Mind you, we have experienced many campaigns over recent decades designed to stop us enjoying cheap hydro power.
Yes, and granted this has been a tough, dry, season for eau-de-electricity the argument still holds, um, water.
Had the Franklin-below-Gordon scheme gone ahead we may not have needed to import quite so much coal-generated power from Victoria.
An estimated 38 per cent of our current needs, according to media reports.
This fevered-brow thought is inspired by a fleeting "blink and you'd miss it" televisual moment.
To truly set the scene, the attentive viewer would be well aware that banner-wielding protests are a weekly occurrence on Hobart's Parliament House lawns.
Curiously, while the banners may well change, depending on the cause de jure, the rioters' faces seem to be much the same.
Perish the thought of a rent-a-mob.
These orgies of social activism generally relate to same-sex marriage, logging, coal exports, the preservation of rare and endangered species as transmitted daily as part of the ABC's "news" agenda and where, apparently, 72 per cent of the national broadcaster's staff are Greensters or Laborites.
The visuals are usually followed by a few words on the meme of the day by, surprise, surprise, a concerned-looking Greens' leader Cassy O'Connor explaining why we should all be getting hot and bothered.
Or, latterly, Greens' Senator Nick McKim.
And so it came to pass that, while a perpetually angry vanguard wielded similar banners, amid this faux mayhem, one person held a placard announcing their opposition to a type of renewable energy.
"What's all this about?" the patient reader may well inquire, "an interloper mingling with the chattering classes opposed to the efficacy of solar and/or windmill-driven electricity?"
Well, no, not precisely.
For the aforementioned rowdy rebel wielded a poster proclaiming NO DAMS.
Where had this person been for the past 30 years?
The attention-getting announcement must at least cause some embarrassment to those who once opposed clean recyclable hydro power.
We looked more closely at the idiot box even if, in the mere seconds available, we were unable to assess whether the wielder was wearing a hand-knitted beanie, flares or a wide-collared paisley shirt.

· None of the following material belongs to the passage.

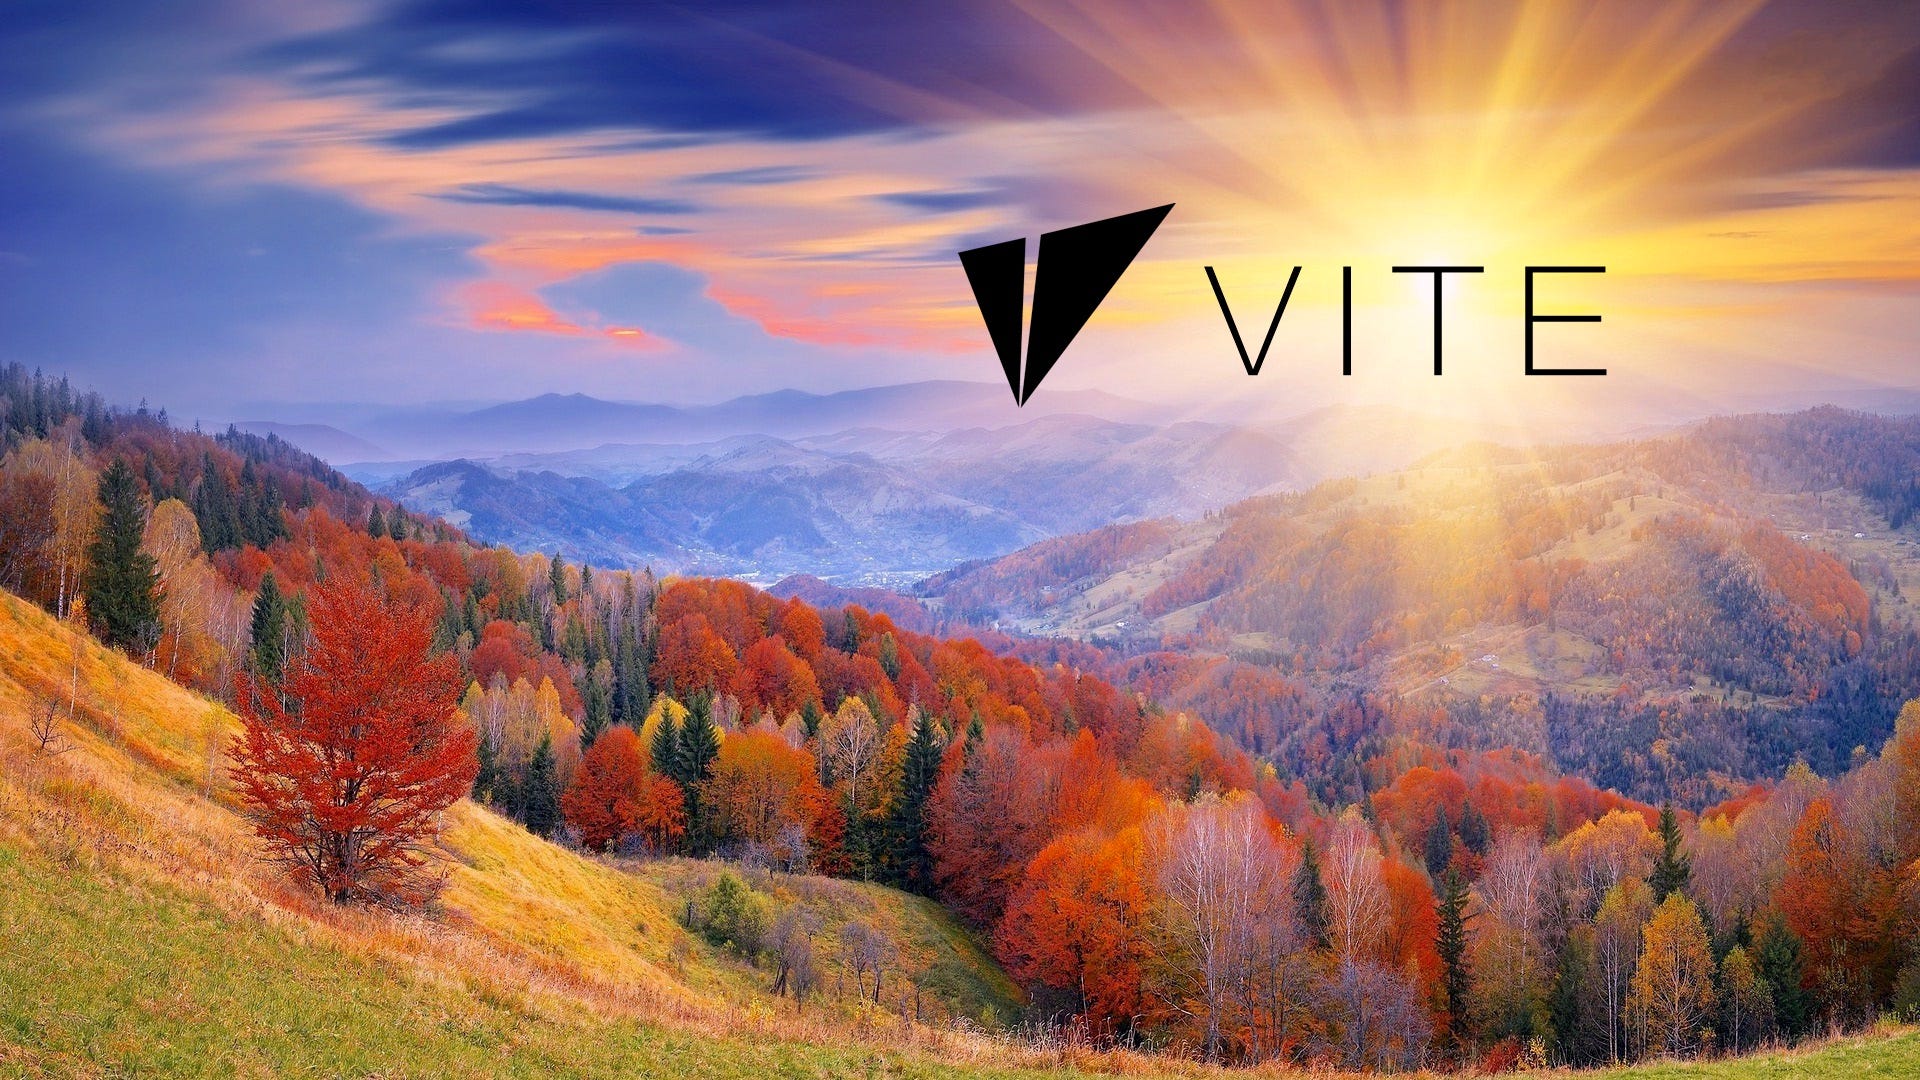 Bittrex Trading Campaign. Buy VITE on Bittrex to earn more ...

Either way, we wondered could this sole opponent of slinging concrete structures across rivers to capture water before allowing it to run through turbines thus to light our homes was the last of a breed of those in favour of every renewable source of power but the obvious Tassie one.
It much reminded us of a late mate saddled with a peaceful, nay whimsical, approach to life who once attempted to explain at a social gathering the benefits of what is now the currently contentious subject of liquid-driven natural energy.
"For goodness sake," this furrow-browed sage announced, "they dam the water, take the electricity out of it and then let the stuff go, what's wrong with that?"
It did lead this correspondent to wonder whether some environmentalists may see the apparent irony of their former "No Dams" stance.
Perhaps not.
And furthermore to wonder what former, now late, premier and dam champion Eric Reece would have made of Victorian electricity being pumped into our state's grid.
"There, I told ya' so," "Electric Eric" would have growled.